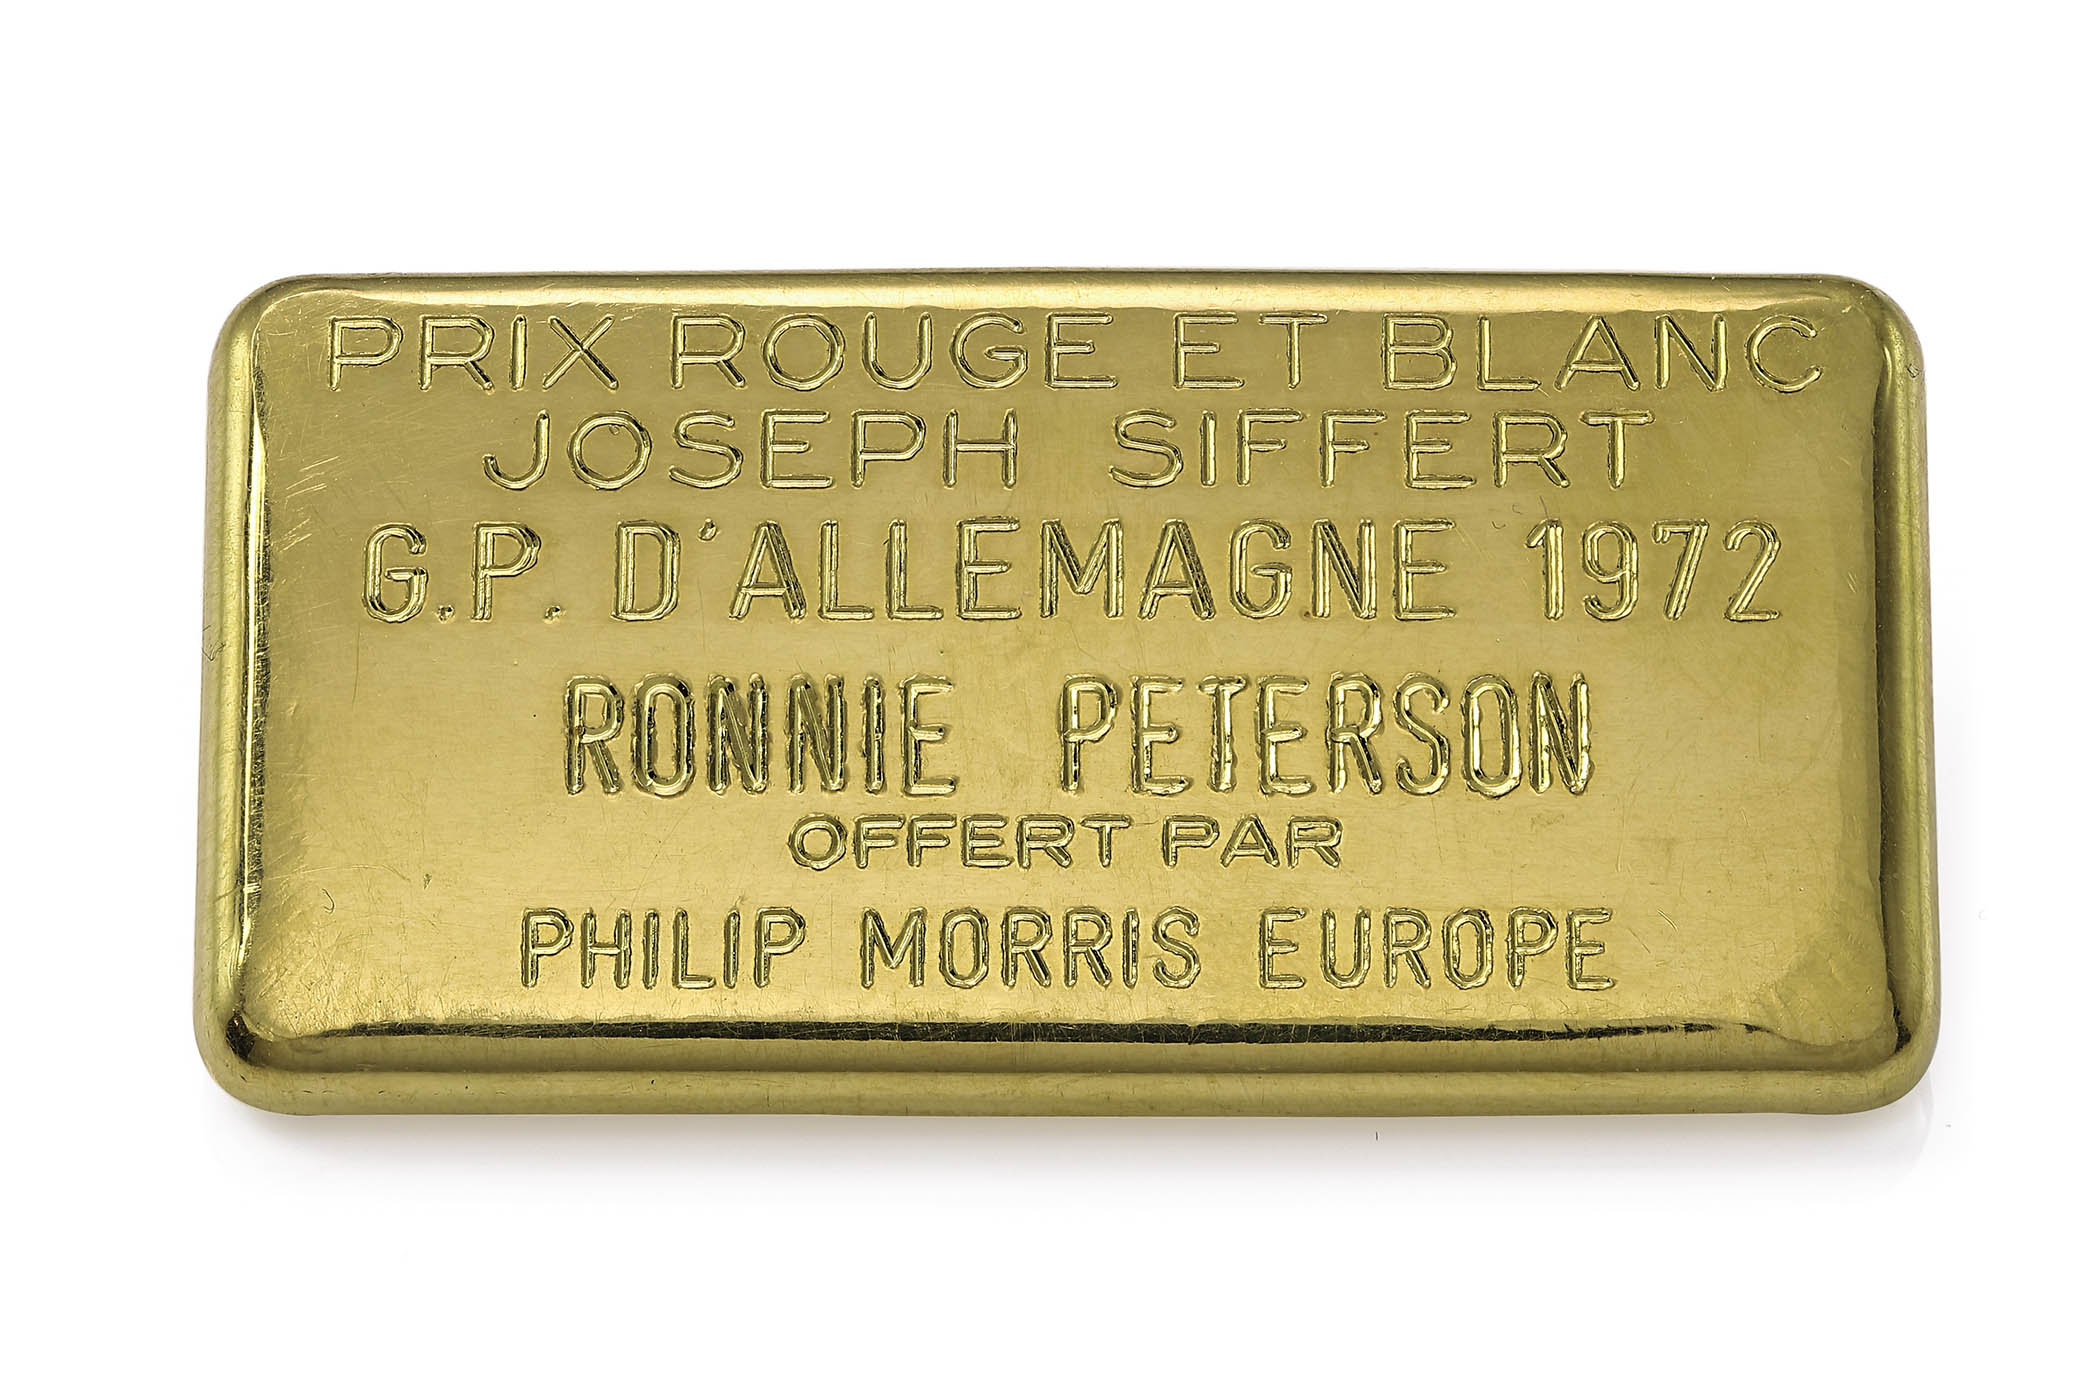 Ronnie Peterson Jo Siffert Prix Rouge et Blanc Award
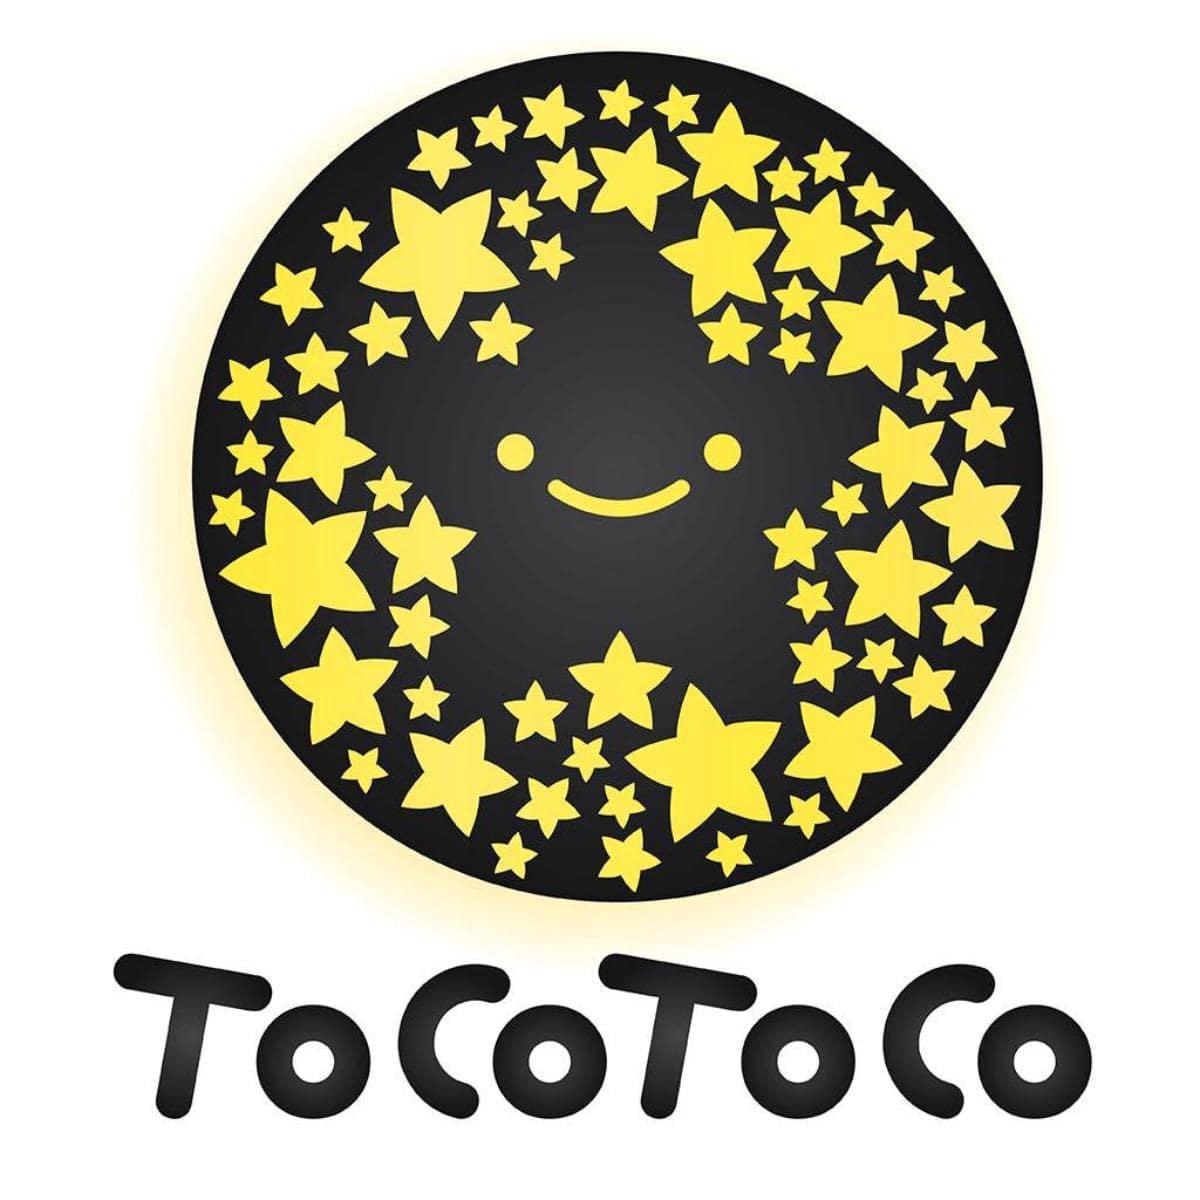 Đồng phục của Tocotoco
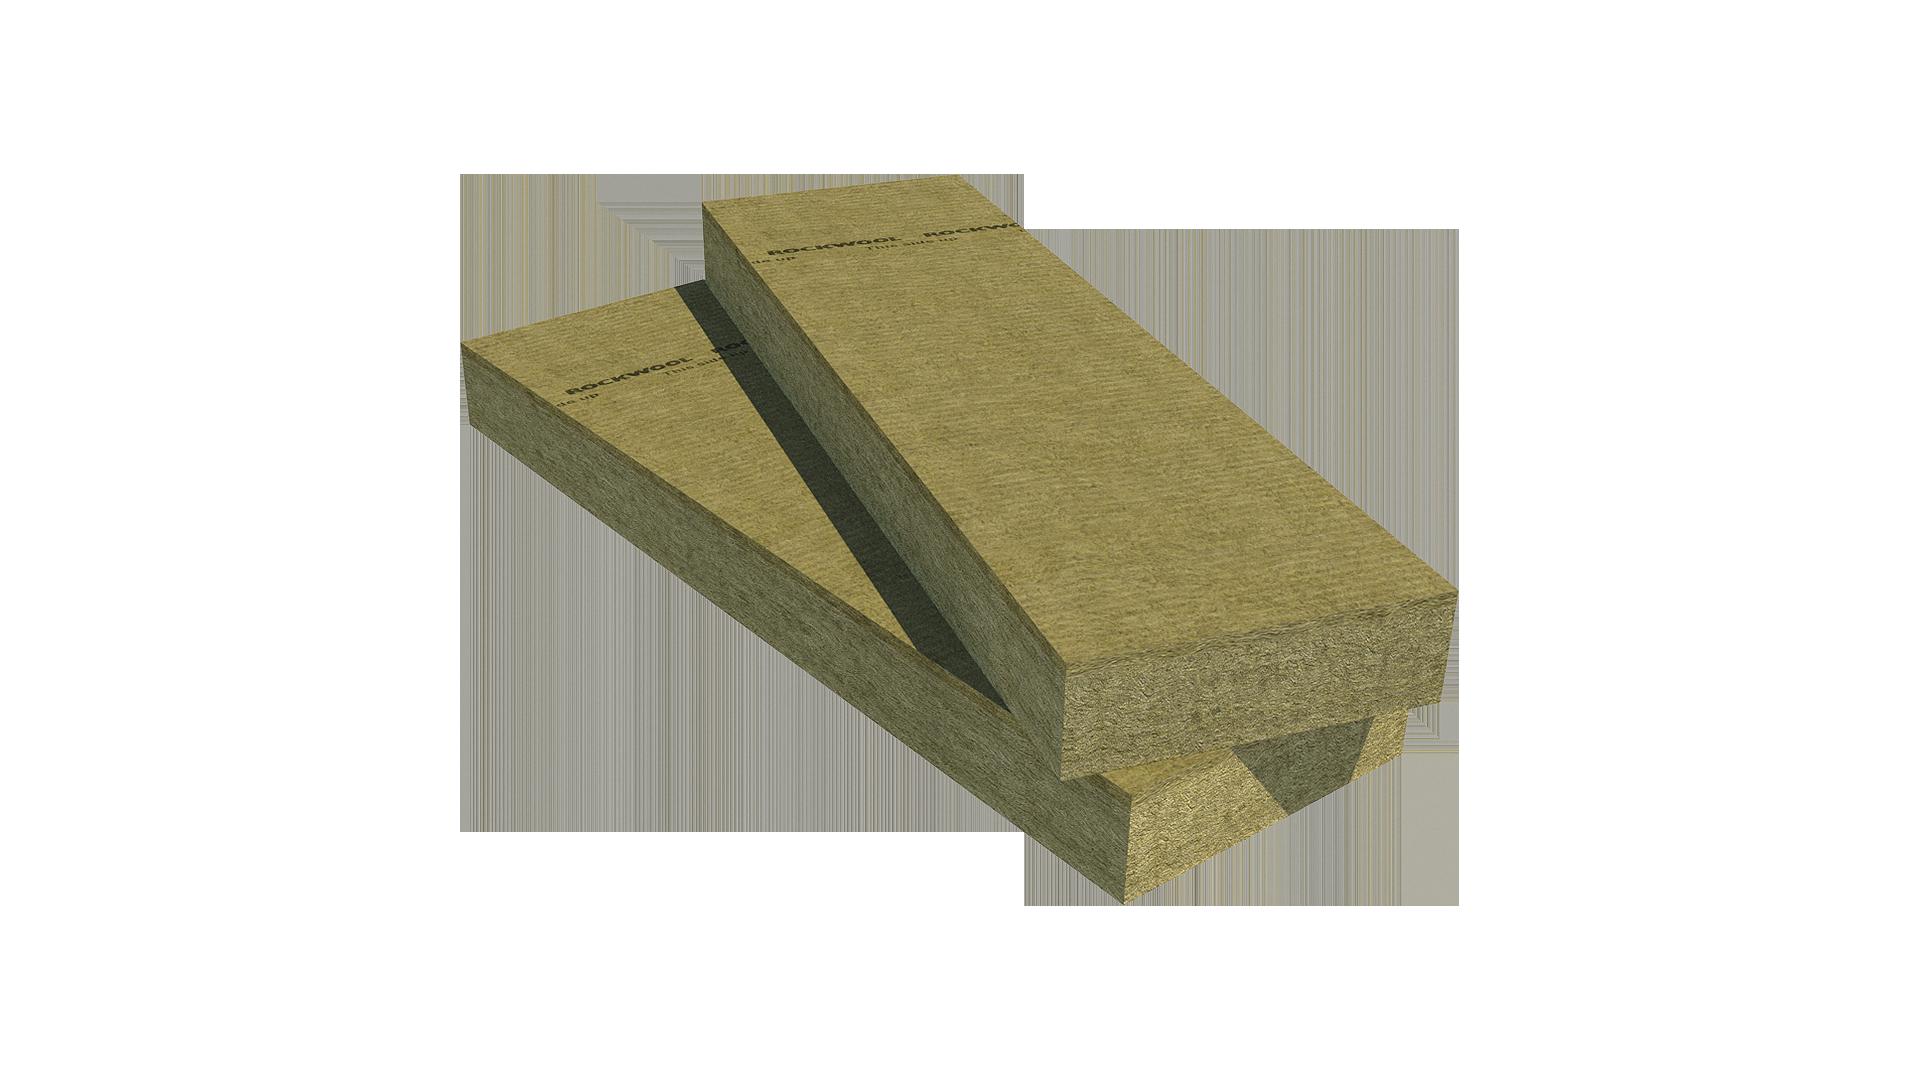 HARDROCK (DD) TRB  - Flat Roof Thermal Application

» **WORK ITEM**:
Retype the whole listing, keeping every line identical and omitting all pictures.

» **ANSWER BELOW**:
 Ronnie Peterson Jo Siffert Prix Rouge et Blanc Award
 Đồng phục của Tocotoco
 HARDROCK (DD) TRB  - Flat Roof Thermal Application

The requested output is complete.